He’s applying a moisturising mask to his hair, towel slung low on his hips, when Vespa strides past, a hotel towel of her own wrapped around her, under her arms. She makes eye contact for a moment in the mirror, and says, “I’m sleeping on the couch.”
She’s in the shower before Nureyev can reply.
With a sigh, he finishes his evening routine and tugs on underwear and slides his slip on, tying the robe over the top. He’s replacing his dangling ear piece with sleepers for the evening when the door opens.
“Room service?” Castle calls, but an irked grunt is the only reply. Nureyev smiles. Tousling his hair with the towel, he walks back to the bedroom to see Juno, dishevelled from hiding in the Ruby 7, digging through the overnight bags Vespa had carried in.
“Detective. Excellent. No issues, I presume?”
Juno looks up long enough to fix him with a withering glare. “Well, the ironing room wasn’t exactly where you said it would be, but I made it work,” he says drily, and extracts his clothes for the morning from the duffel, along with a pair of spare underwear and … cat slippers?

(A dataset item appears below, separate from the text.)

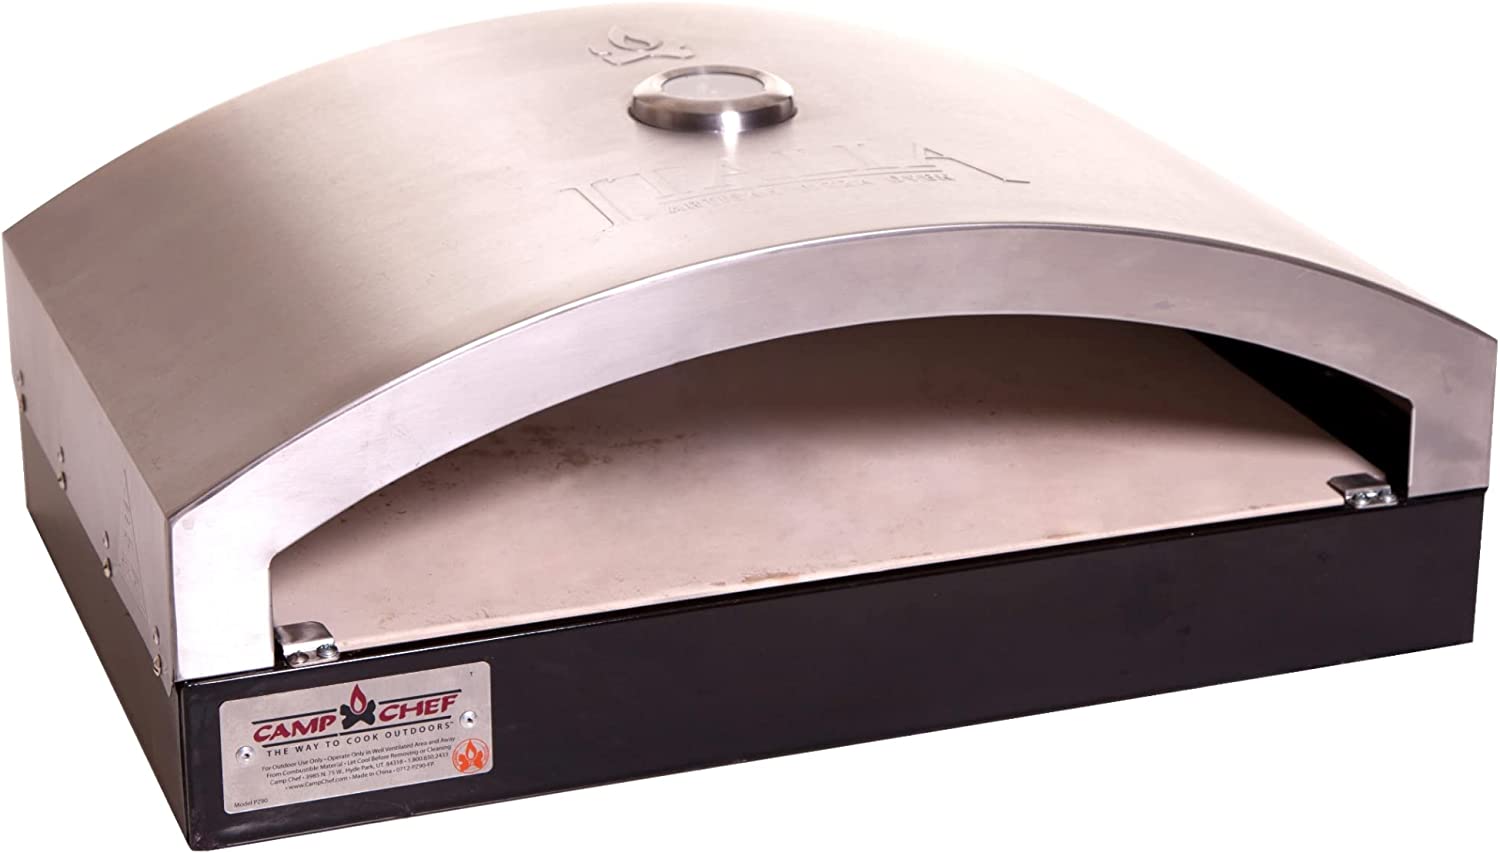 Camp Chef Artisan Outdoor Pizza Oven, 16 Two Burner Accessory

“This is why we need you, detective,” Nureyev says airily, slipping his glasses back on. “Your ingenuity when confronted with a misplaced ironing room is simply unparalleled.”
“Oh, ha ha, Kingston.”
Nureyev can’t resist a sardonic laugh. He will never get used to the sound of one of his alias’s slipping from between Juno’s lips. He's grown used to hearing his name from the detective.
Turning away from Juno, he unties the robe and lets it fall atop the blankets of the bed. He can feel Juno’s gaze, and he smiles. This is something he’s been doing for years, and practice has made him very, very good at it. Moving slowly and languidly, he adjusts the straps of the slip, running a hand over his own shoulder and stretching, luxuriating in the simple fact that he has space to do so.
Behind him, Juno huffs. Nureyev flashes a grin over one shoulder, a hip still cocked. Juno has tossed the slippers onto the couch and is avoiding his eyes.
“Oh, that spot is taken, detective.” Nureyev lets the slightest tinge of glee slip into his words.
Juno turns slowly, fixing Nureyev with an acid glare. “Taken?” he grinds out.
Nureyev grins. He loves getting Juno riled like this. “Vespa is an attached woman, detective. I thought you might have noticed by now.”
“I know?”
“It would hardly be proper! And she has no desire to force us both to share the couch, so she’s graciously offered the bed to us. After all, you’re not a taken lady, are you?”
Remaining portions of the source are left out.